The authors concluded that the performance of NIPT for aneuploidy in a general obstetric population was equivalent to that previously observed among high-risk pregnant women, ie. significantly superior to current screening approaches, saying that ‘cfDNA testing merits serious consideration as a primary screening method for fetal autosomal aneuploidy’. They also estimated that if NIPT had been the sole form of screening provided, the number of invasive diagnostic procedures to confirm suspected aneuploidy would have decreased by 89%, assuming that all women opted for diagnostic confirmation.

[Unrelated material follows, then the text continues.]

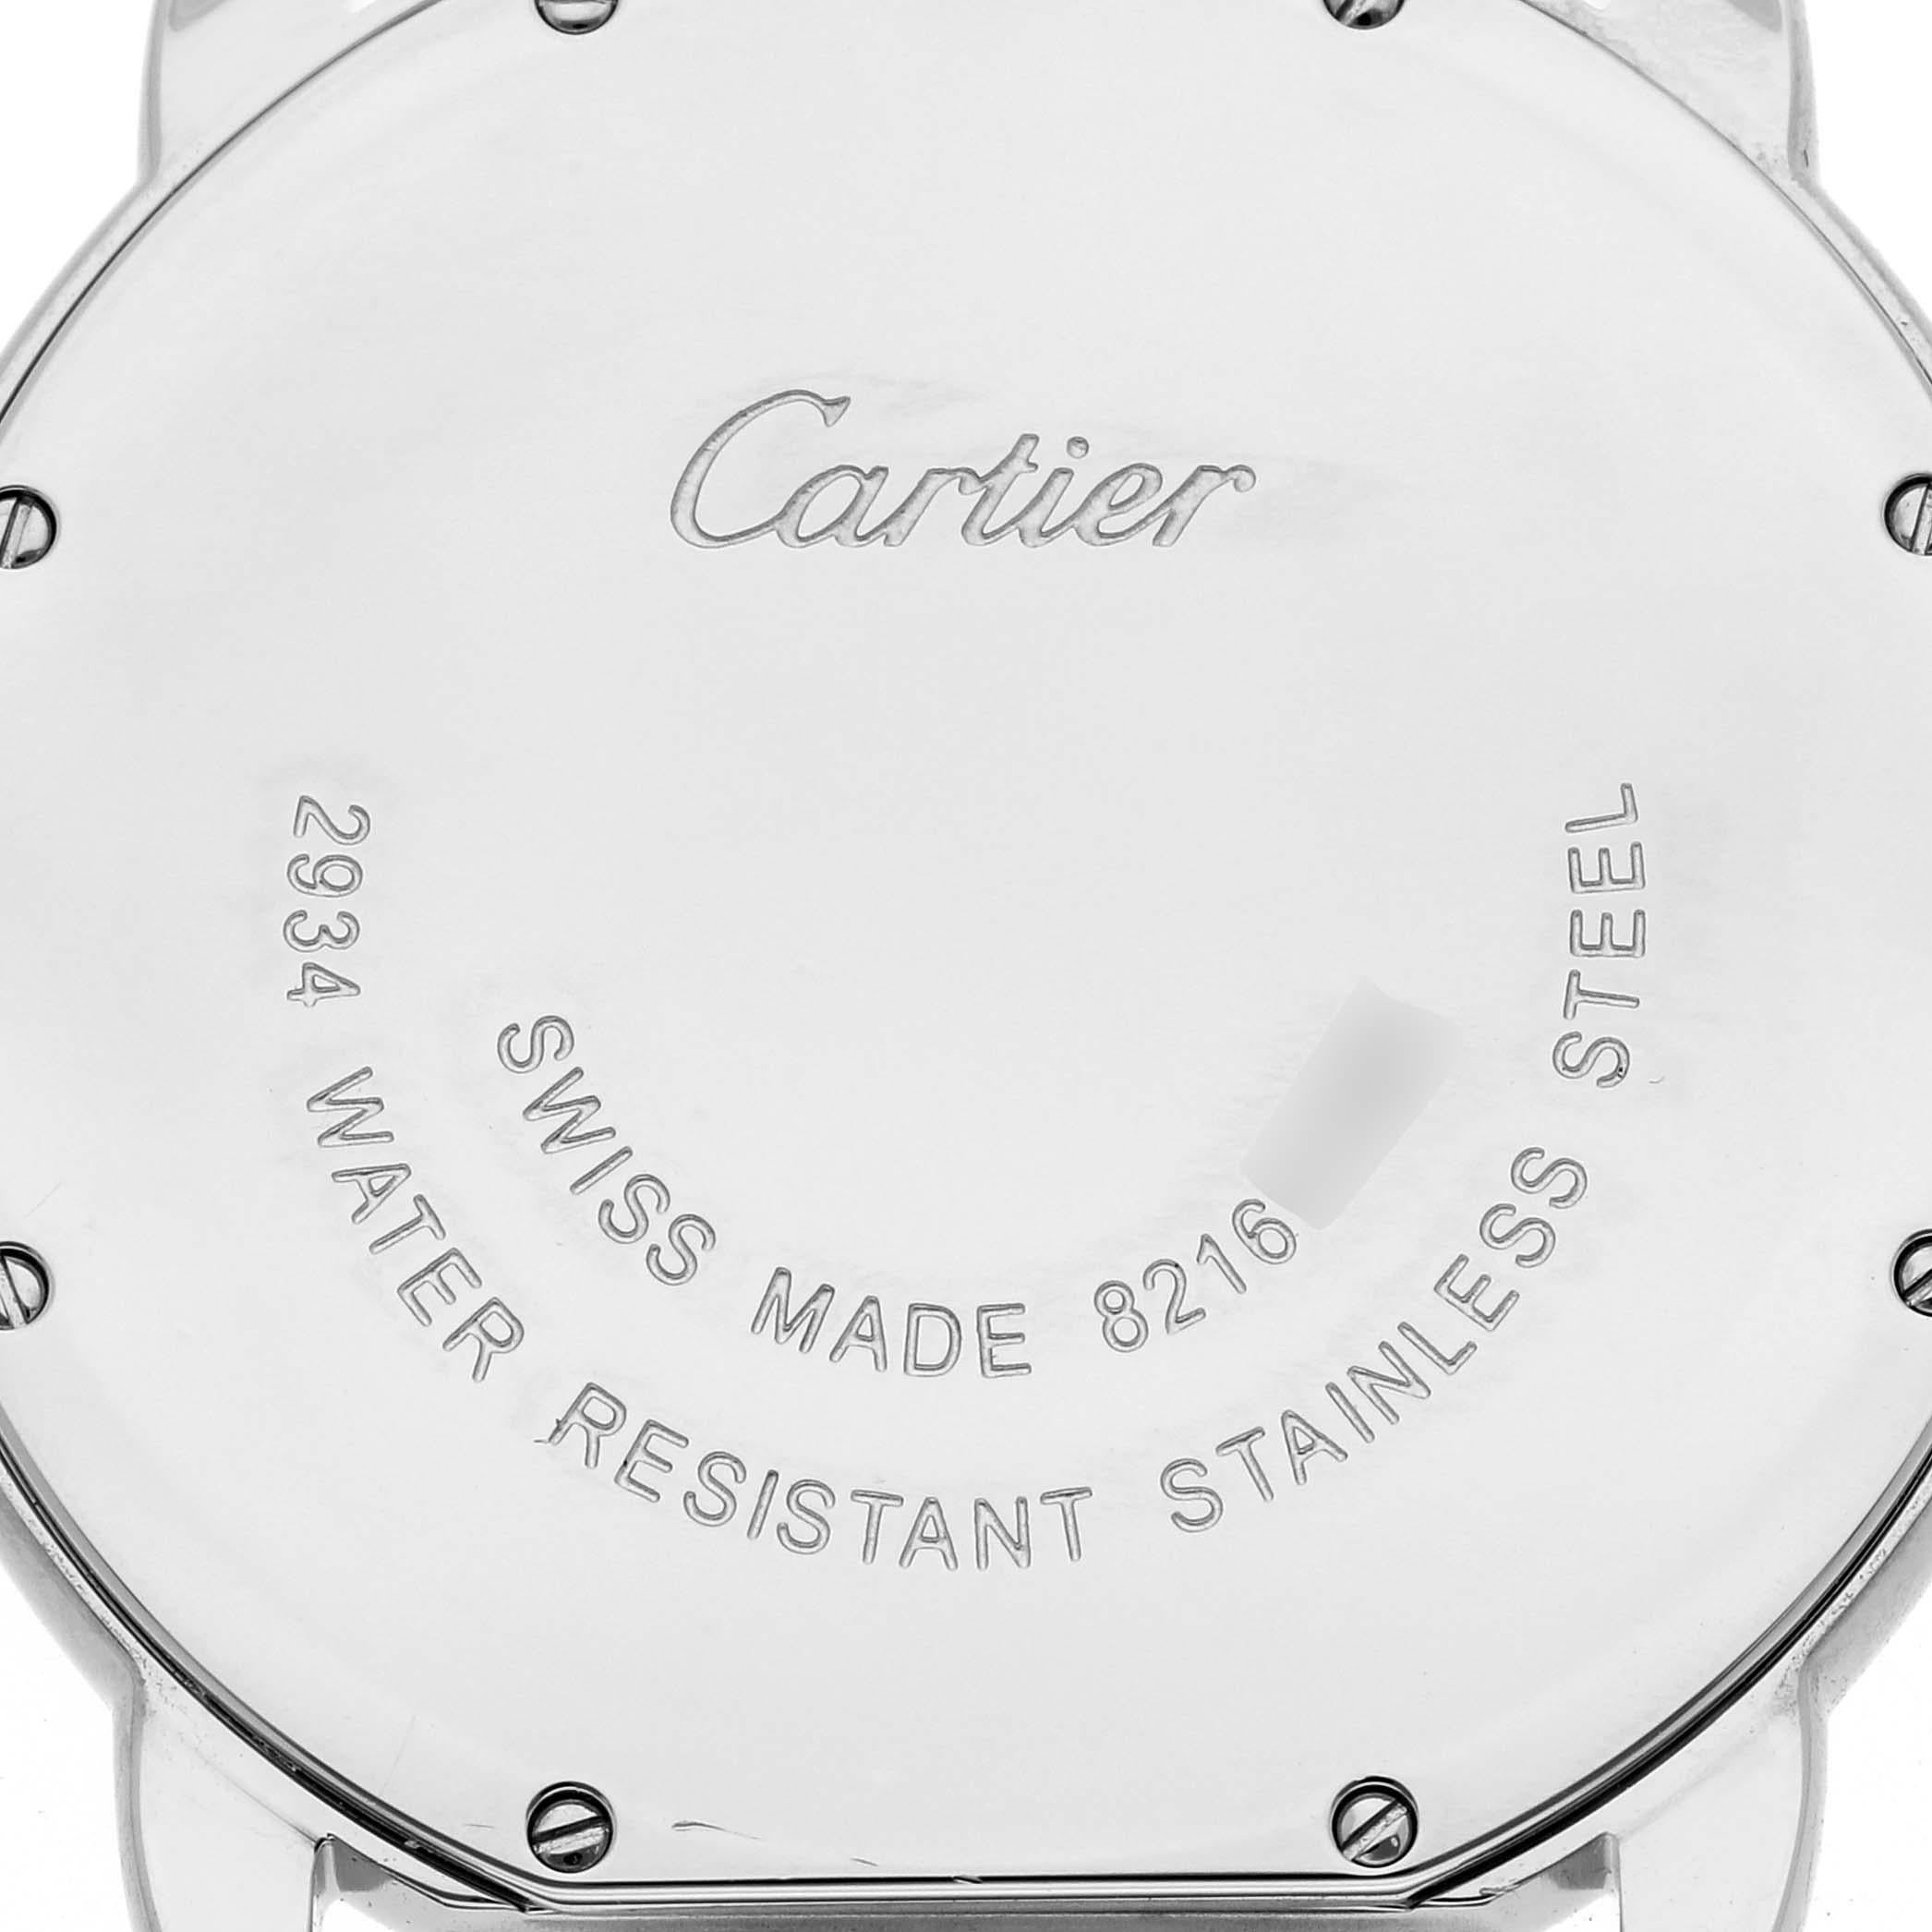 Cartier Ronde Solo Silver Dial Quartz Steel Ladies Watch WSRN0029. Quartz movement. Stainless steel case 36.0 mm in diameter. Circular grained crown set with a blue spinel cabochon. . Scratch resistant sapphire crystal. Silvered opaline dial with

These results provide welcome confirmation that the performance of NIPT is high among low-risk as well as high-risk pregnant populations and its use not only improves detection rates but also reduces the number of false positive results. Since invasive testing to confirm positive screening results in a risk of miscarriage of around 1%, the use of NIPT can effectively reduce the numbers of healthy fetuses lost due to invasive testing, as well as reducing the number of women who have to decide whether or not to have such testing. In the UK, where NIPT is currently available commercially but not within the National Health Service (NHS), the current RAPID study is evaluating the suitability of NIPT for Down’s syndrome screening in the NHS.
The test used for the NEJM study was Illumina’s Verifi™; the company recently announced that they intend to seek FDA approval for Verifi as a diagnostic (as opposed to screening) test. Meanwhile, other commercial NIPT providers have begun expansion of their tests to include some of the most common microdeletion syndromes as well as aneuploidies (Natera’s Panorama™ and Sequenom’s MaterniT21™ PLUS. The future looks bright for improved prenatal testing – although it is worth bearing in mind that whilst invasive testing is set to decrease sharply, there will be an ongoing need for it for the investigation of possible fetal chromosomal abnormalities that are much rarer.